Even if there was a perfect algorithm that could automatically detect fake news (which doesn’t exist), it still would require access to the user content to determine its veracity. Although social media platforms usually have access to scan user content to detect malicious purposes, this is simply not the case for end-to-end encrypted social media. 

As a PhD candidate in the AI Lab interested in conducting research at the intersection of NLP and misinformation, I (Ashkan Kazemi) wanted to understand more about the dynamics of fake news on closed messaging platforms.

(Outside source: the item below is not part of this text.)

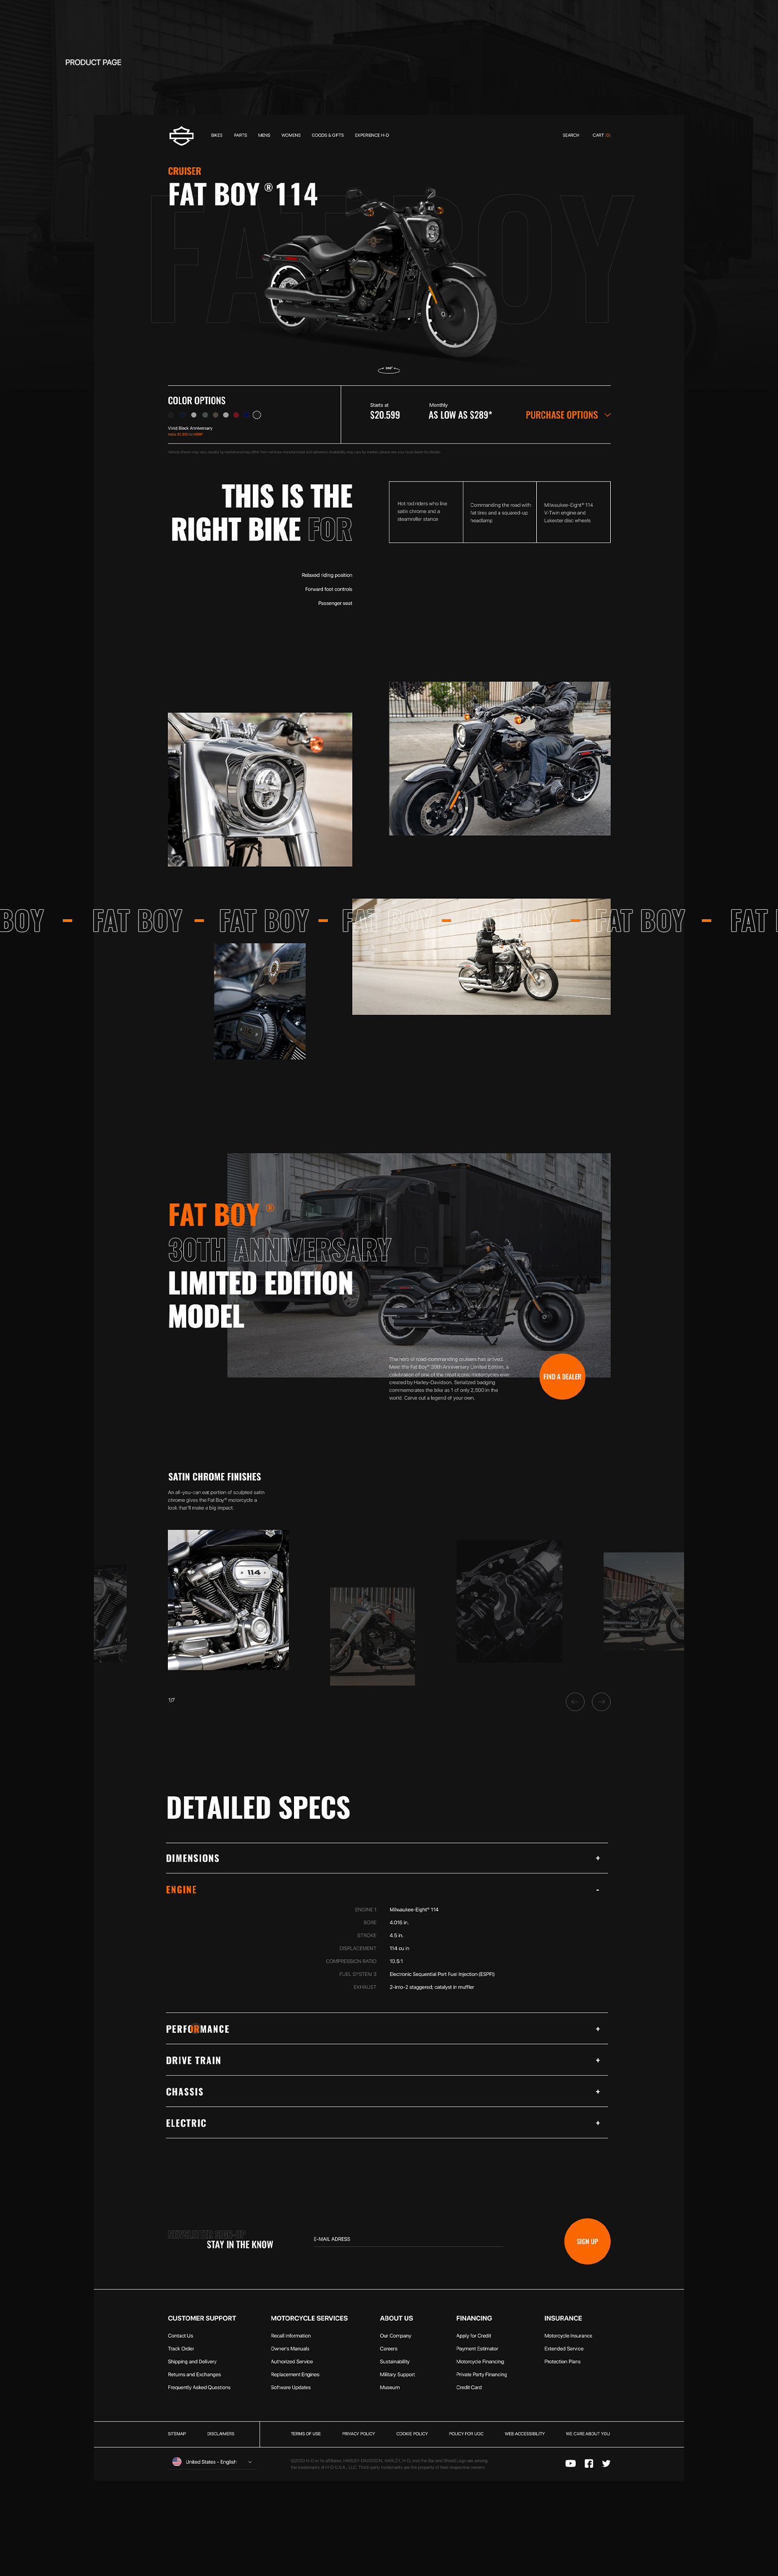 Bike concept Davidson H-D harley Motor motorcycle UI/UX Design Web Design  web page

There is currently no easy way to discover misleading and malicious content on WhatsApp and other end-to-end encrypted platforms at scale, given that all conversations are accessible only to users partaking in the conversations. In a recent paper published in Harvard Kennedy School Journal of Misinformation Review with collaborators at Meedan, MIT and University of Duisburg-Essen, we conducted a case-study of the 2019 Indian General Elections to analyze the usefulness of a crowd-sourced “tipline” through which users can submit content (“tips”) that they want fact-checked. A tipline is an account on social media operated by a fact-checking organization. Social media users are invited to send potential misinformation to the tipline to (a) see if there is a fact-check or (b) share it as a ‘tip’ that the fact-checking organization might investigate.

Using state-of-the-art AI technology for matching similar texts and images, we compared content sent to the election tipline to the content collected from a large-scale crawl of public WhatsApp groups (these are WhatsApp groups where the link to join is shared openly), ShareChat (a popular image sharing platform in India similar to Instagram), and fact-checks published during the same time in order to understand the overlap between these sources.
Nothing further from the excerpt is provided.